The Daily Egyptian is the student-led newspaper for Southern Illinois University. Established in 1888, the paper has gone through several name changes, as well as several suspensions; including a three-year hiatus beginning in the late 1800s and a suspension after the start of the First World War.

==History==
The Daily Egyptian, formally known as the Normal Gazette and later changed to The Egyptian in 1916, was the first newspaper at Southern Illinois University. It consisted of eight pages and was printed monthly by the Free Press Printing House of Carbondale, Illinois in 1888 to 1889. The subscription cost was fifty cents per year. In June 1889, over a thousand copies of the Normal Gazette were printed. J. T Calbraith, editor, considered publishing the third edition of the paper in a magazine format in 1890 but for reasons unknown the magazine was never published.

The school remained without a newspaper for almost 30 years. In 1916, Robert Brown, graduate student of the class of 1916, continuously pursued the idea of creating a school newspaper.

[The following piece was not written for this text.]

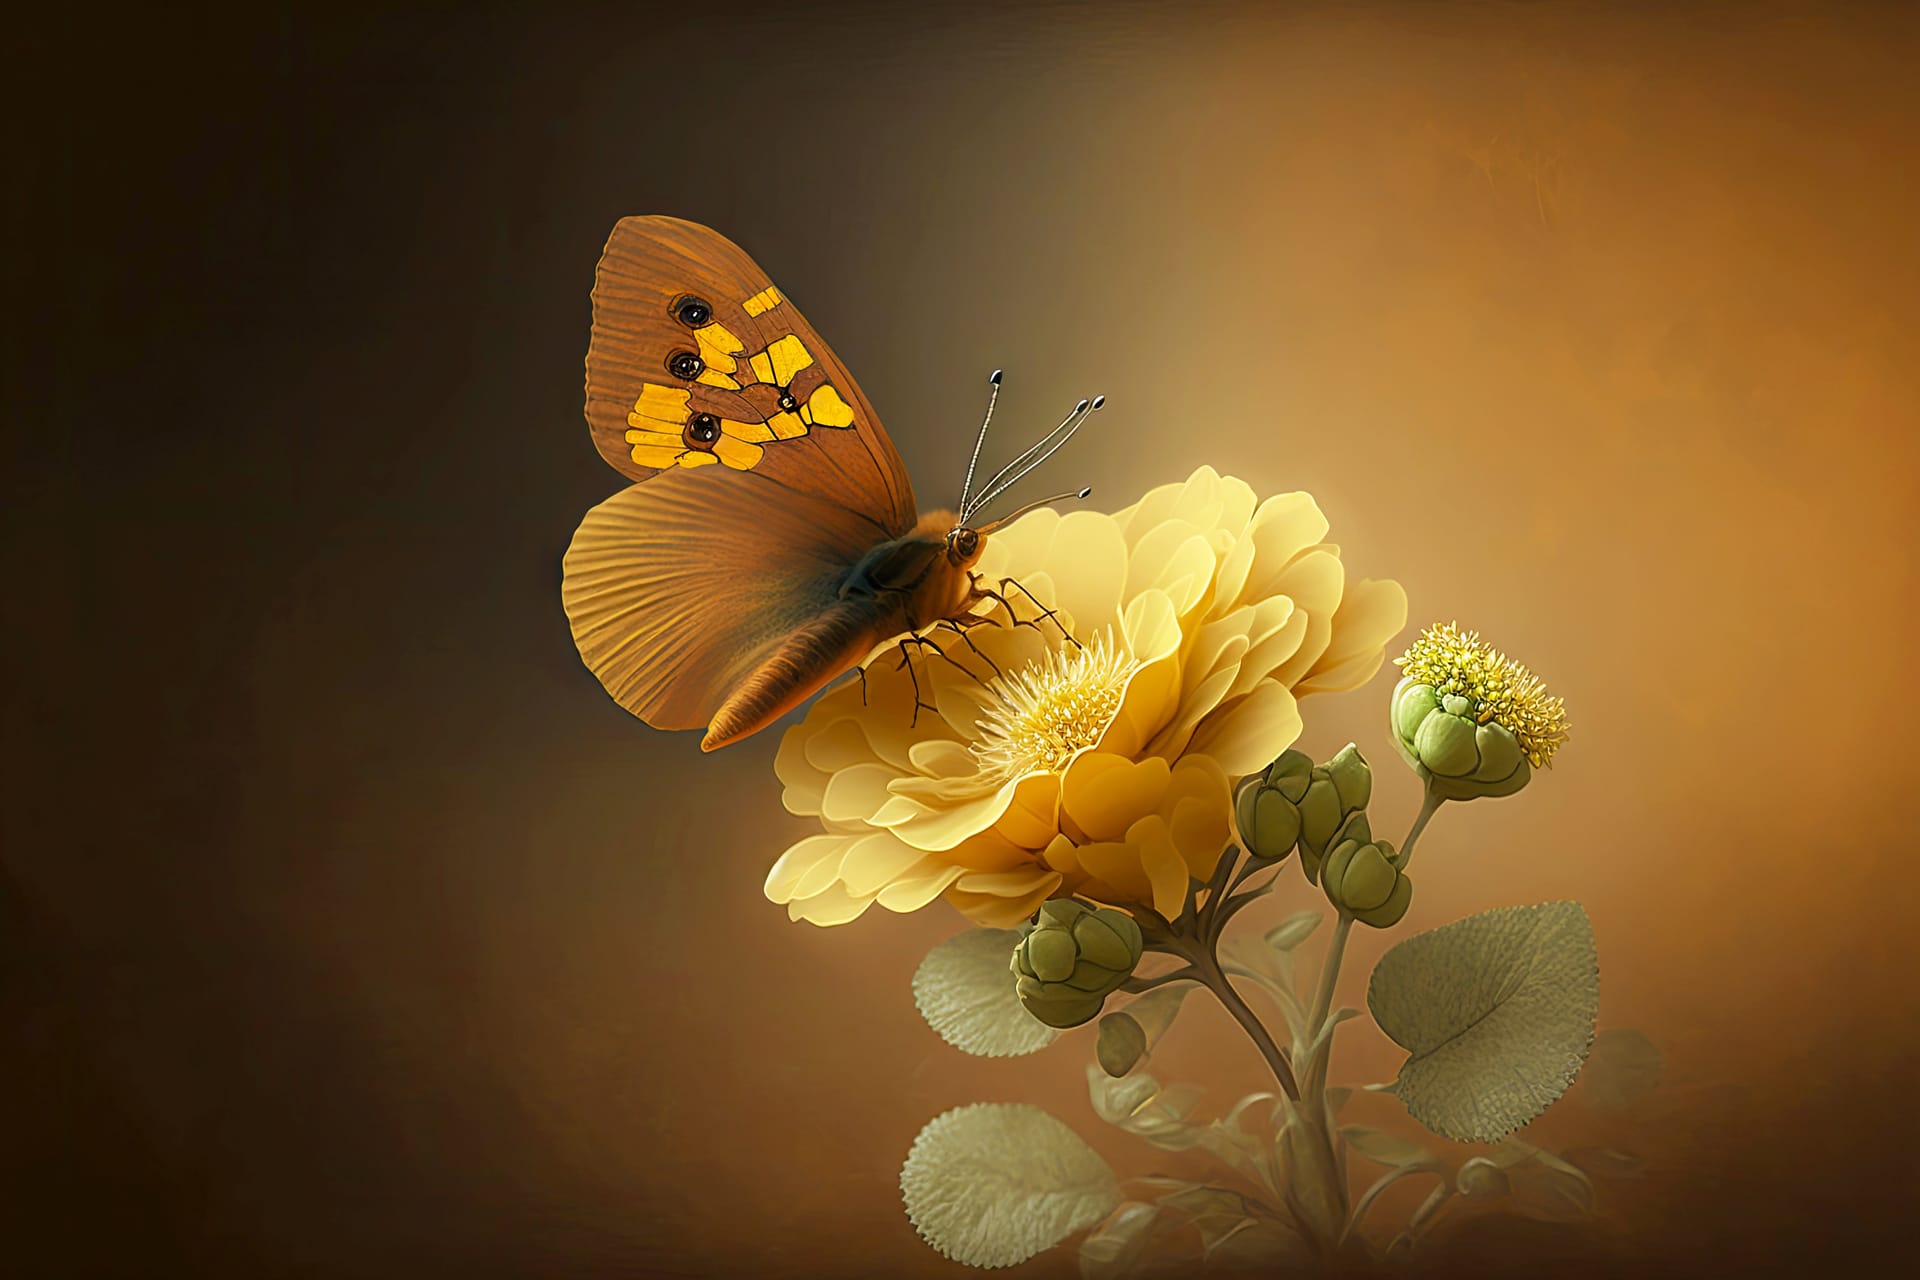 Delicate yellow flower with bud blurred brown background with butterfly

Shortly afterwards, The Egyptian began publication as a magazine that was published once a month at the cost of one dollar per year. In 1918, the publication was suspended because of the First World War.

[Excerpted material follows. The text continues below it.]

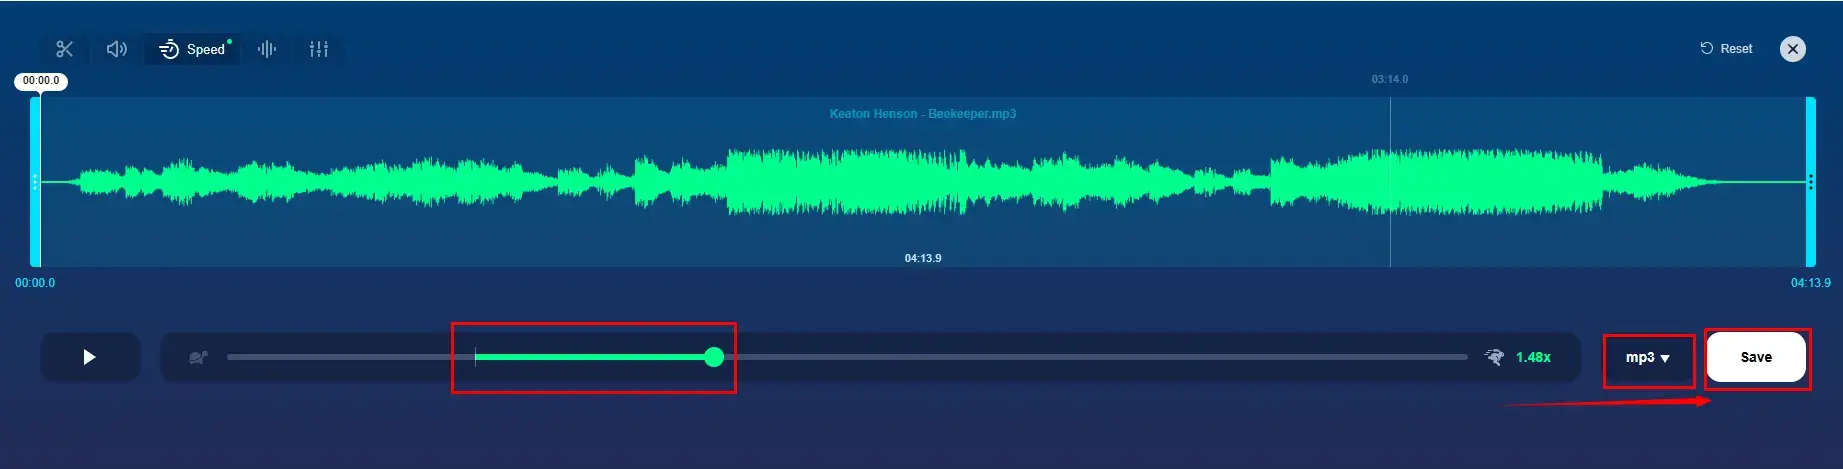 how to change audio speed in 123 apps audio speed changer

In 1921, the Student Council began publishing a weekly, four-column newspaper that was priced at one dollar a year. A couple months later, the Southern Illinois Normal board of directors elected representatives that included the editor, associate editor, departmental editors, business manager, and faculty advisers.

== Current ==
In 1963, The Egyptian became known as the Daily Egyptian (or DE for short), publishing five days a week. It is a student-run newspaper and they determine what stories will appear in the paper. The students also work as editors, photographers, reporters, page designers, graphic artists, advertising sales representatives, production technicians, and circulation drivers. The Daily Egyptian, one of a handful of student newspapers to do so, owns and operates, with students, its own web press. Roughly 7,000 copies of The Daily Egyptian are freely distributed at nearly 200 locations across campus, throughout Carbondale, and other surrounding communities. The Daily Egyptian has the second largest circulation of any newspaper in southern Illinois, and the most of any college newspaper in the state.

== Financial support ==
The newspaper's revenues come from advertising. The university does not provide funds for the newspaper, only for facilities and salaries.

== Awards ==
The Daily Egyptian has received many awards from the Illinois College Press Association and the National Newspaper Pacemaker for general excellence; one of the nations most prestigious awards. It is a three-time winner of the Online National Newspaper Pacemaker for general excellence.

== Hoax ==
In 2003 Jaimie Reynolds, a former student at Southern Illinois University Carbondale, made up a story about a little girl named Kodee, whose mother was killed in a tragic car accident and whose father was fighting in Iraq. According to her story, Kodee's legal guardians were local residents at the time. During this period, Reynolds had another child pretend to be Kodee who made 20 visits to the university. She provided emails and letters that the soldier had allegedly written. In 2005 The Daily Egyptian admitted that the letters were a hoax that was perpetuated by the woman pretending to be the girl's aunt. Reynolds was never prosecuted.